Error serial read from arduino nano

Hi I am using pixhawk hardware(M4 microcontroller ), Arducopter software inside, connected with Arduino nano with serial communication. The Arducopter uart is originally from arduino library. So the serial API has read(), avaiable(), write() and so on API. Here is the github.
First I send a string like #360;500*, 360 means angle and 500 means range, both of them are changing. Then send through Serial.println. The buadrate is 57600 and it takes 5ms to send this data format. In my macbook, the serial monitor output always right. But in the pixhawk, the data receive randomly fine and wrong. I use the code below to receive data, sometimes it's fine, but sometimes it likes:#100;233*, #102;233*,#104;233*..The range data get always same.

int r = hal.uartE->read();
if (r != '\n'){
            char s[2];
            sprintf(s, "%c", r);
            strcat(m_dataBuf, s);
}
else{
            hal.console->printf("data:%s\n",m_dataBuf);
            m_dataBuf[0] = '\0';
}

Then I think maybe string take too much cost and use

Serial.write

to send highbyte and lowbyte to pixahwk. But the result always same.

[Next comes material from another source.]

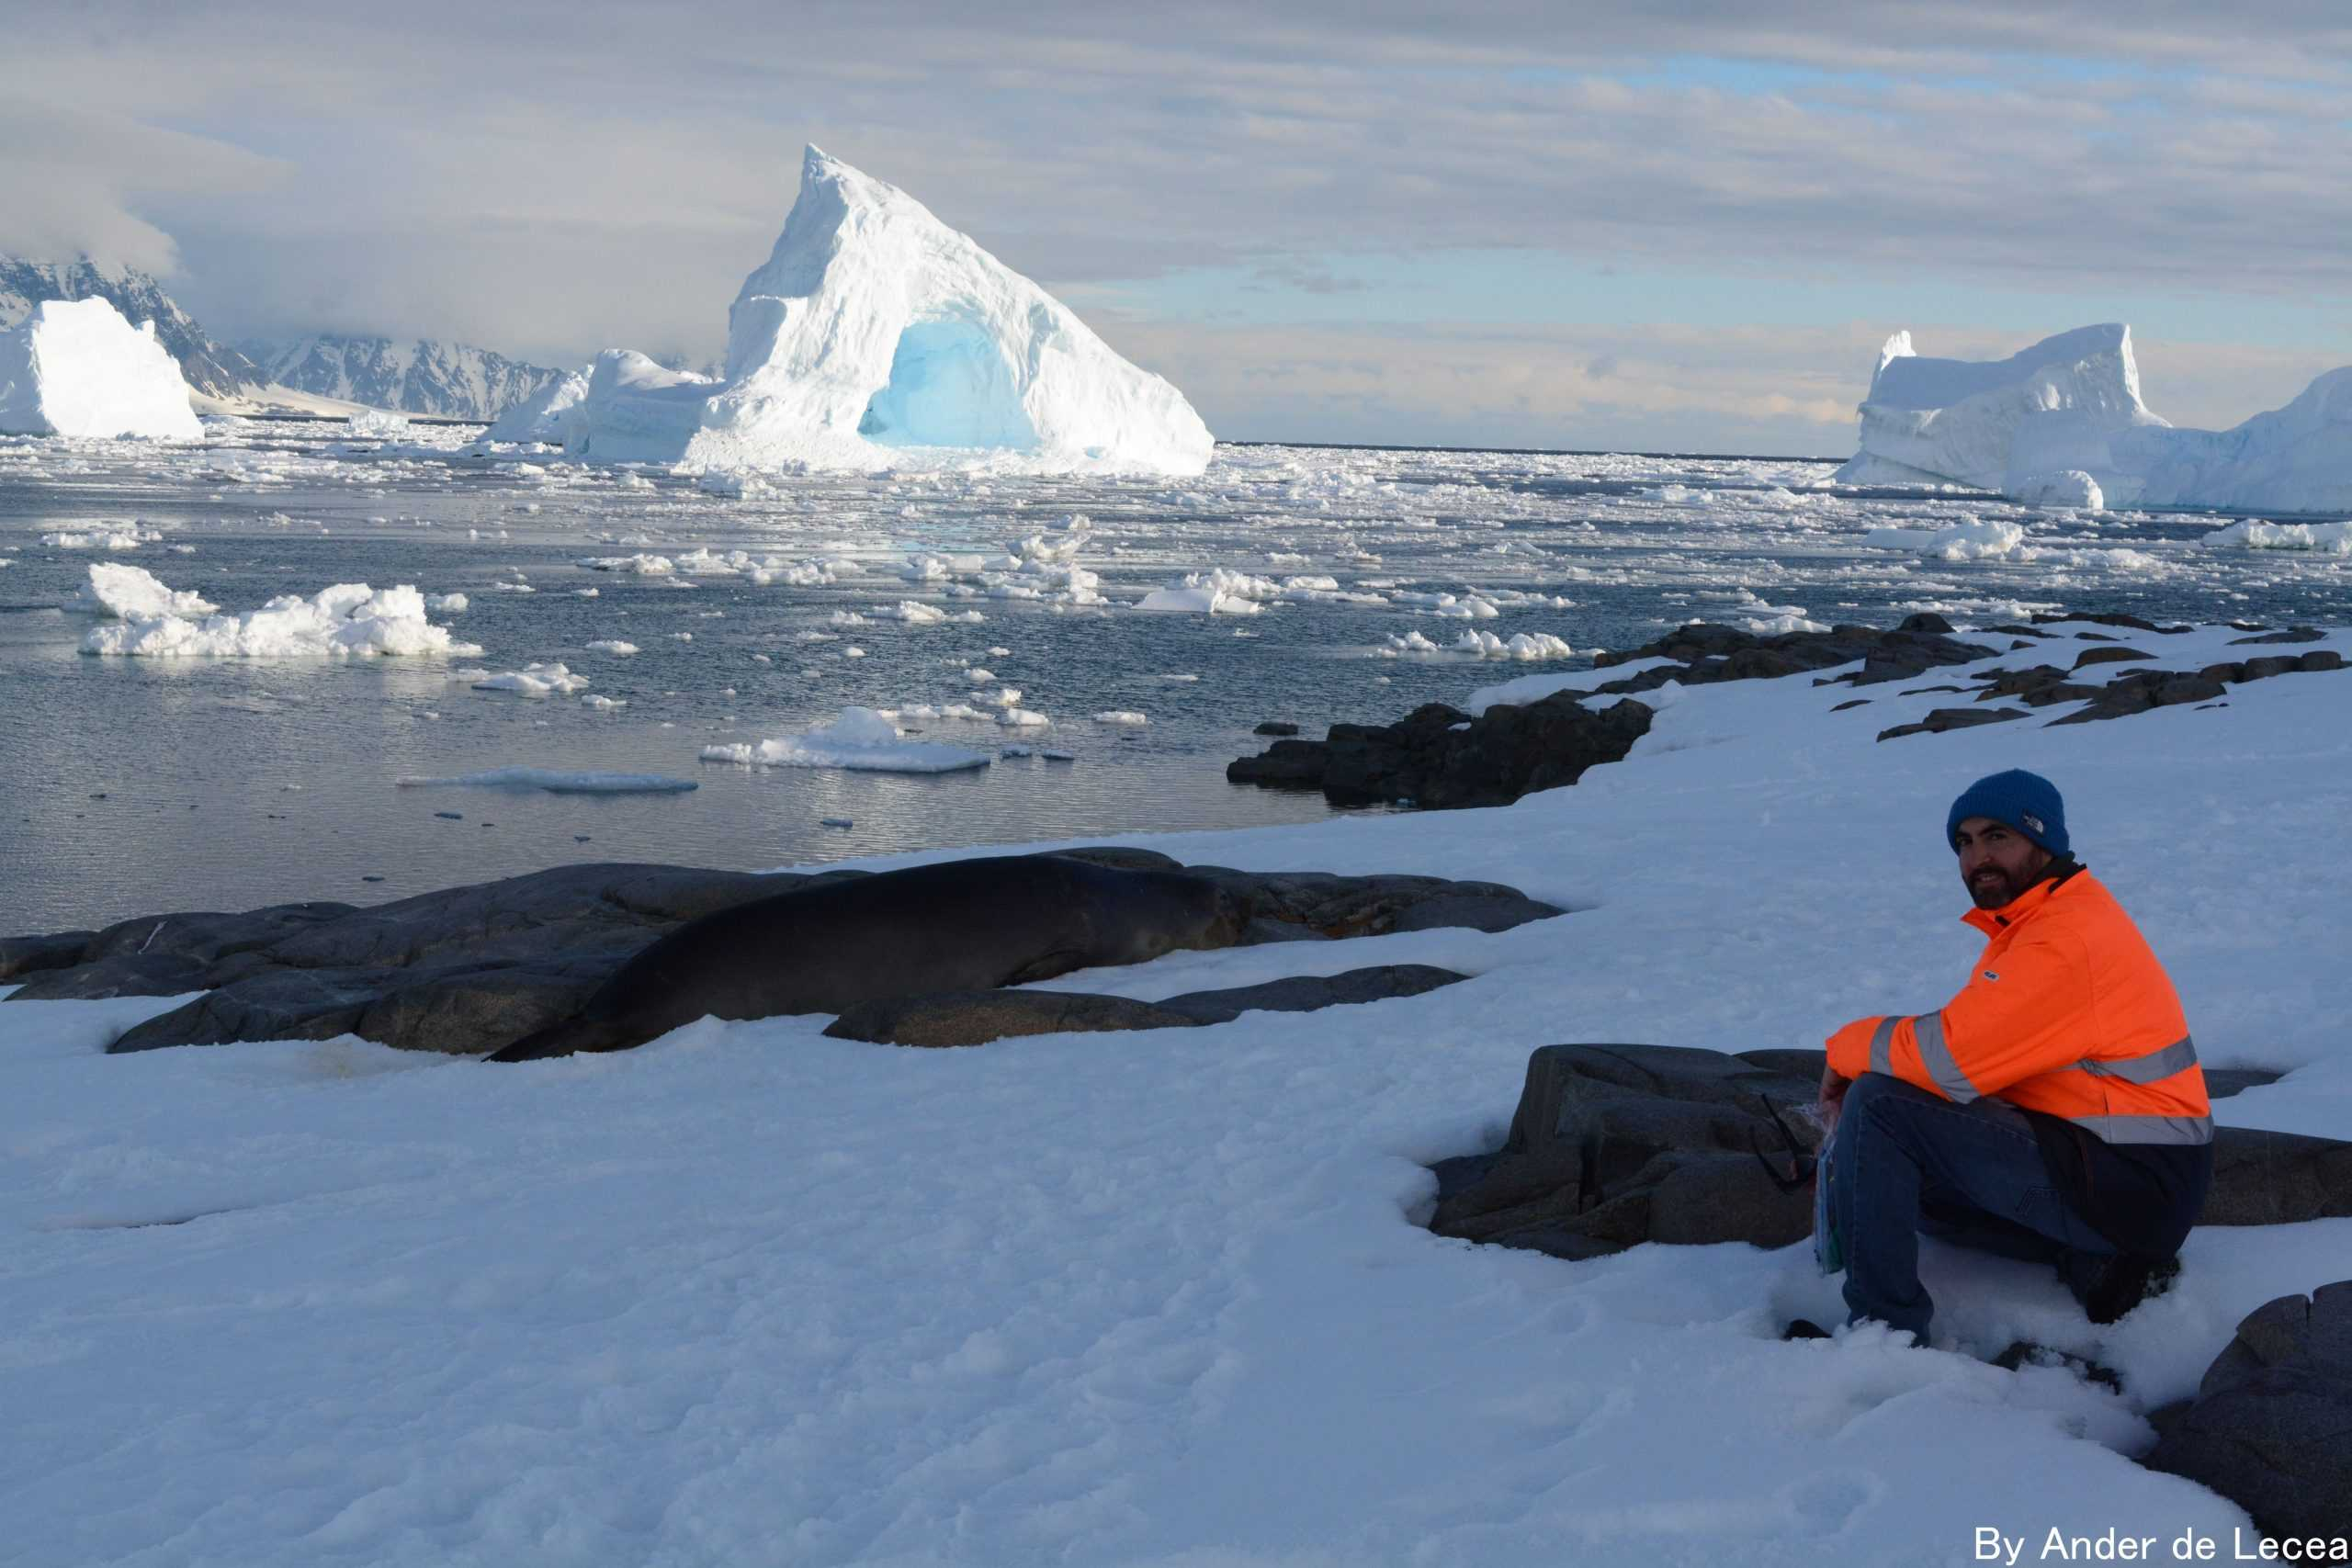 Cancelan dos eventos científicos que se realizarían en Punta Arenas

I know maybe some of you don't familiar pixhawk and Arducopter, but the serial from arduino, ant it's a microcontroller. maybe you can give me some suggestions will the problems is. Is that a receive buffer size problem?

Using strcat instead of holding on to a count is very inefficient. strcat has to start at m_msgbuf[0] and search for the NUL terminator. This means that accumulating n characters takes on the order of n2 operations. For 13 characters, this is actually 91 array index and comparison operations, plus an additional 12 assignments for the NUL terminator.

Instead, hold on to a count and NUL-terminate m_dataBuf when you receive the '\n'. See Serial Input Basics and Nick's How To....

This also avoids the expensive sprintf. :stuck_out_tongue:

if (hal.uartE->available()) { <-- I *assume* you have this somewhere above!

  char c = hal.uartE->read();
  if (c != '\n'){

    if (count < sizeof(m_dataBuf)-1) {
      m_dataBuf[ count++ ] = c;
    }

  } else{
    m_dataBuf[ count ] = '\0';
    hal.console->print( F("data:") );
    hal.console->print( m_dataBuf );
    count = 0;
  }

Actually, echoing the data back is probably the major problem. You are trying to print 5 more characters than you received: the "data:" characters take time, too. If the Arduino is sending the data as fast as it can, 15 bytes per command, the above print will eventually block because it is sending 20 bytes per command. While it's waiting to print, the input buffer overflows, which causes it to lose random characters.

Cheers,
/dev

thx, I found my issues which is leaded by my arduino code not serial problem. But still appreciated your help to make me understand more about serial communication.

But not post that code here so everybody (including you) can learn?